You must then explicitly set the `vpc_id:` in your configuration to resolve
the ambiguity.
If exactly one eligible VPC is found, it will be used automatically,
and a warning will be logged to indicate that the selection was
inferred.
## SUBNET SELECTION
If no subnets are specified in the configuration, the framework will query all
subnets in the selected VPC and categorize them as either public or private.

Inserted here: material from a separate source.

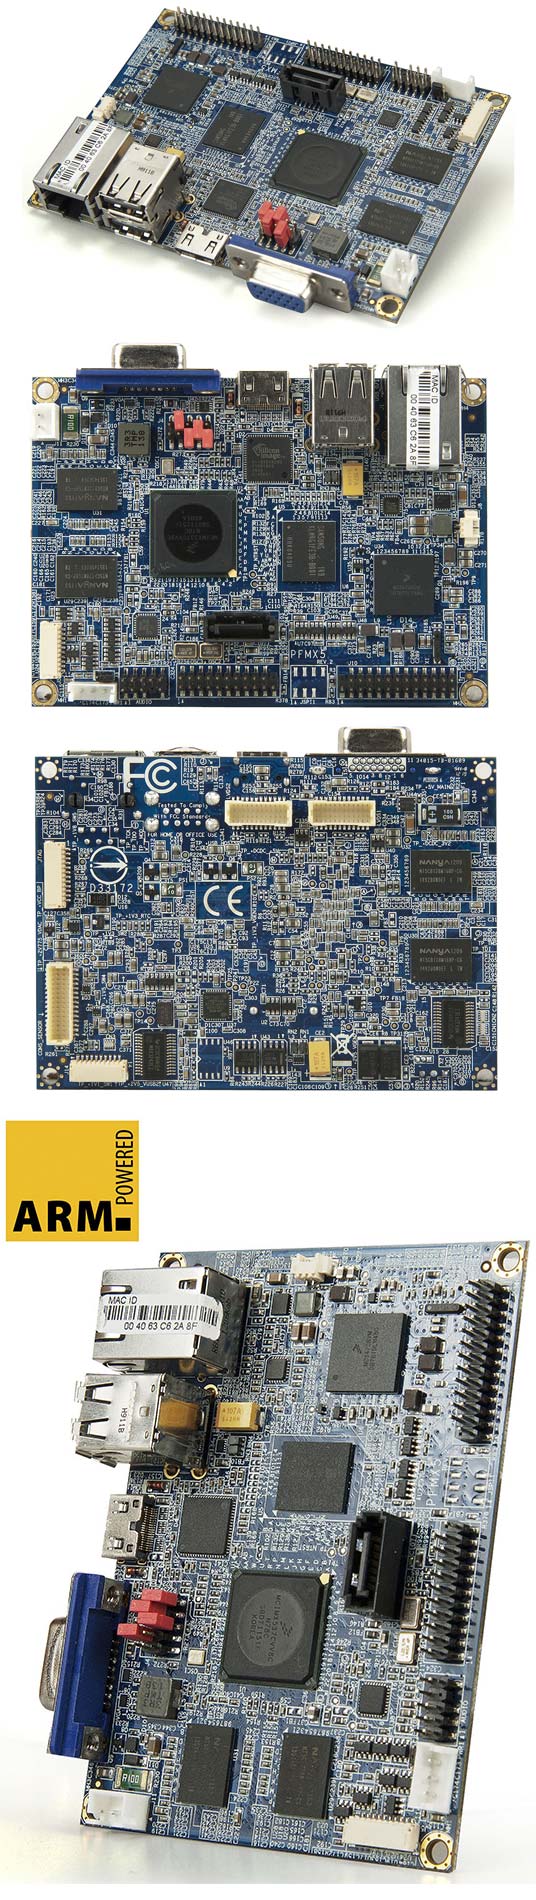 VIA VAB-P800 - Pico-ITX материнская плата с ARM процессором
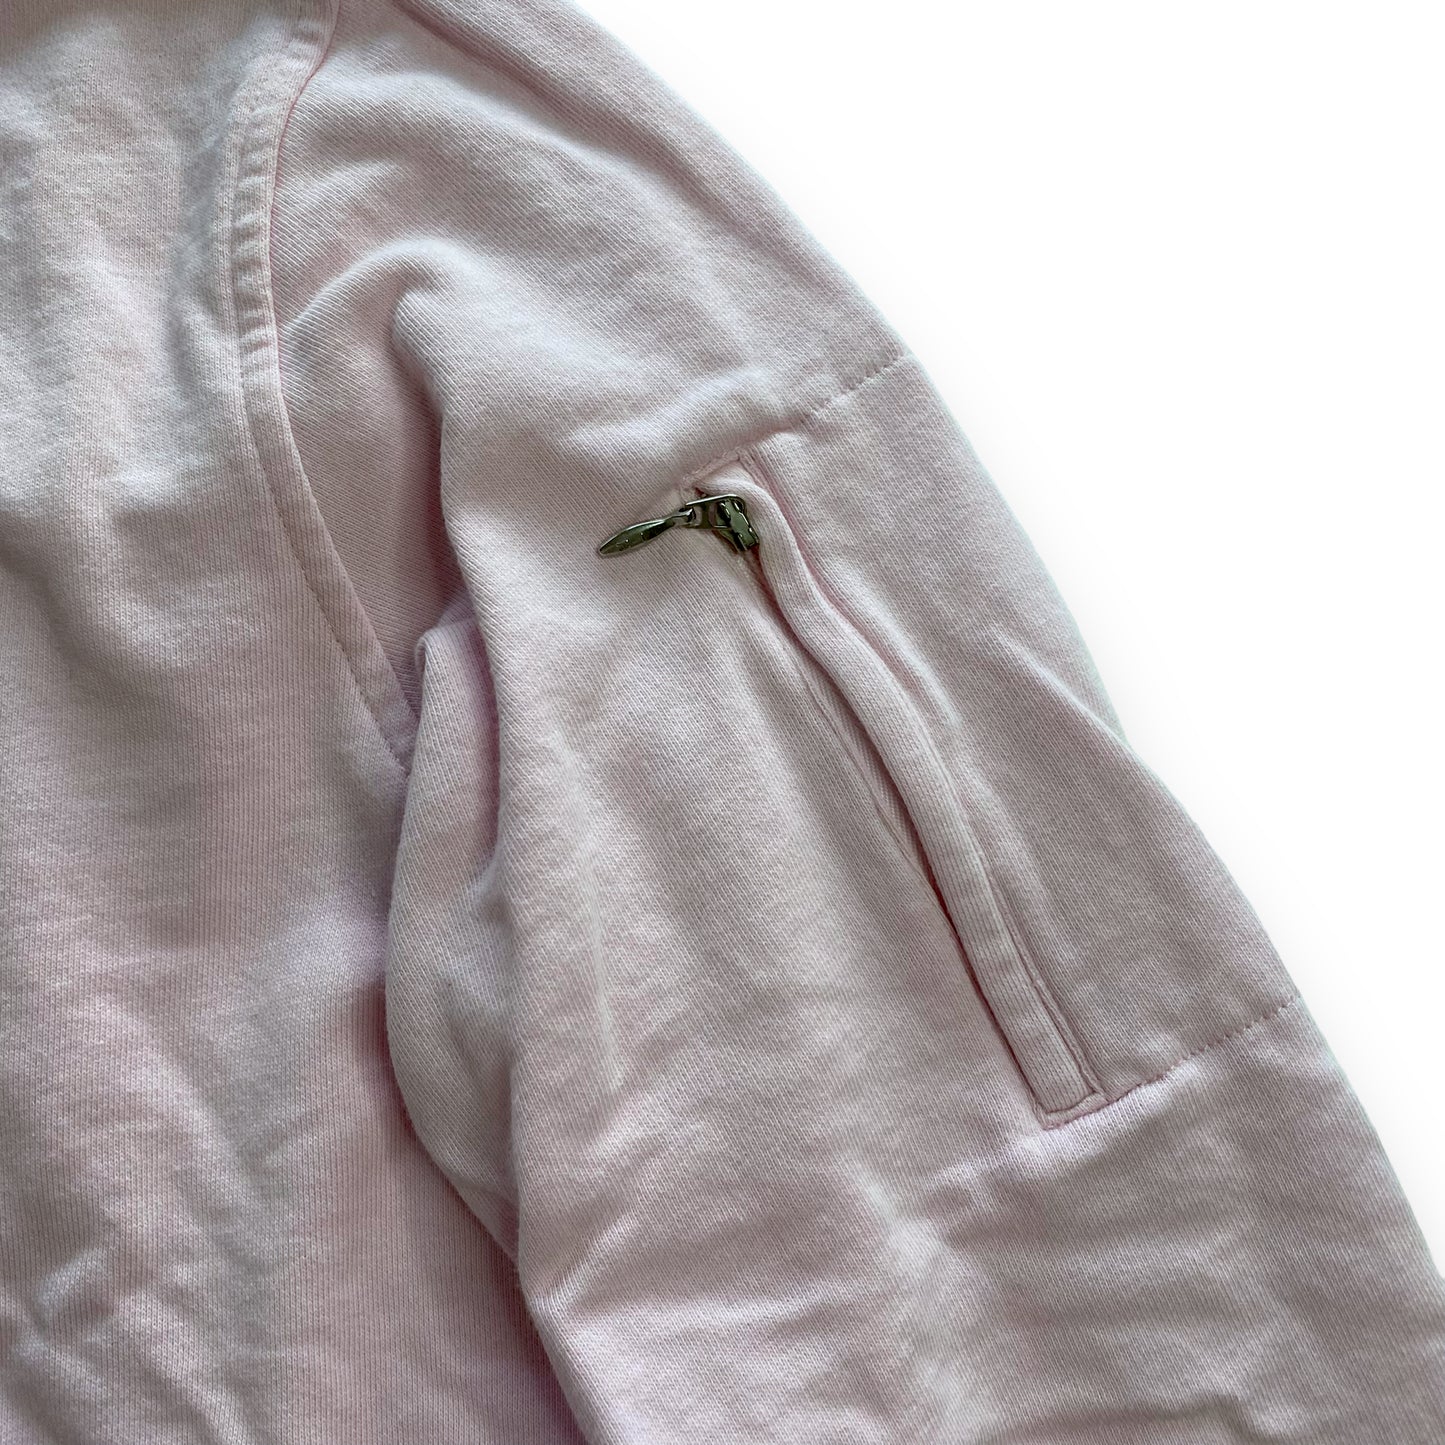 light pink zip hoodie Tommy Hilfiger B-QUALITY / Size L

The task will be placed in a private subnet by default. For this to succeed,
your VPC must have at least one private subnet with a route to a NAT Gateway,
or have appropriate VPC endpoints configured for ECR, S3, STS, CloudWatch Logs,
and any other services your task needs.
If subnets are explicitly specified in your configuration, the
framework will validate them and warn if they are not reachable or are
not usable for Fargate tasks.
### Task placement and Availability Zones
The framework places each task's ENI into exactly one subnet, which fixes
that task in a single AZ. A service can span multiple AZs by listing
subnets from at least two AZs.
What the framework does:
- Prefers private subnets
If private subnets are defined in the configuration, tasks are placed
there. If no private subnets are defined, the framework falls back to
public subnets.
- Aligns ALB AZs with task placement
When a load balancer is used, the framework enables the ALB in the same
AZ set it selects for tasks (best practice). This is for resilience and
to avoid unnecessary cross-AZ hops; it is not a hard technical requirement.
- Requires two subnets
The configuration must specify at least two subnets in different AZs.
If subnets are not specified, the framework attempts to discover them,
but still requires at least two usable subnets (either both private or
both public). If fewer than two are available, it errors with guidance.
Notes on internet access and ALBs:
- Internet-facing ALB
An internet-facing ALB must be created in public subnets. Tasks may (and
usually should) remain in private subnets behind it.
- Egress from private subnets
For image pulls and outbound calls, use either a NAT Gateway in each AZ
or VPC endpoints for ECR (api and dkr) and S3.
- Egress from public subnets
If tasks are placed in public subnets without endpoints or NAT, they
require `assignPublicIp=ENABLED` to reach ECR/S3.
## REQUIRED SECTIONS
At minimum, your configuration must include the following:
app:
name: my-stack
tasks:
my-task:
image: my-image
type: daemon | task | http | https
For task types `http` or `https`, you must also specify a domain name:
domain: example.com
## FULL SCHEMA OVERVIEW
The framework will expand and update your configuration file with default values as needed.
Here is the full schema outline. All keys are optional unless otherwise noted:
---
account:
alb:
arn:
name:
port:
type:
app:
name: # required
version:
certificate_arn:
cluster:
arn:
name:
default_log_group:
domain: # required for http/https tasks
id:
last_updated:
region:
role:
arn:
name:
policy_name:
route53:
profile:
zone_id:
security_groups:
alb:
group_id:
group_name:
fargate:
group_id:
group_name:
subnets:
private:
public:
tasks:
share/README.md view on Meta::CPAN
- Stacks may contain multiple daemon services, but only one task
may be exposed as an HTTP/HTTPS service via an ALB.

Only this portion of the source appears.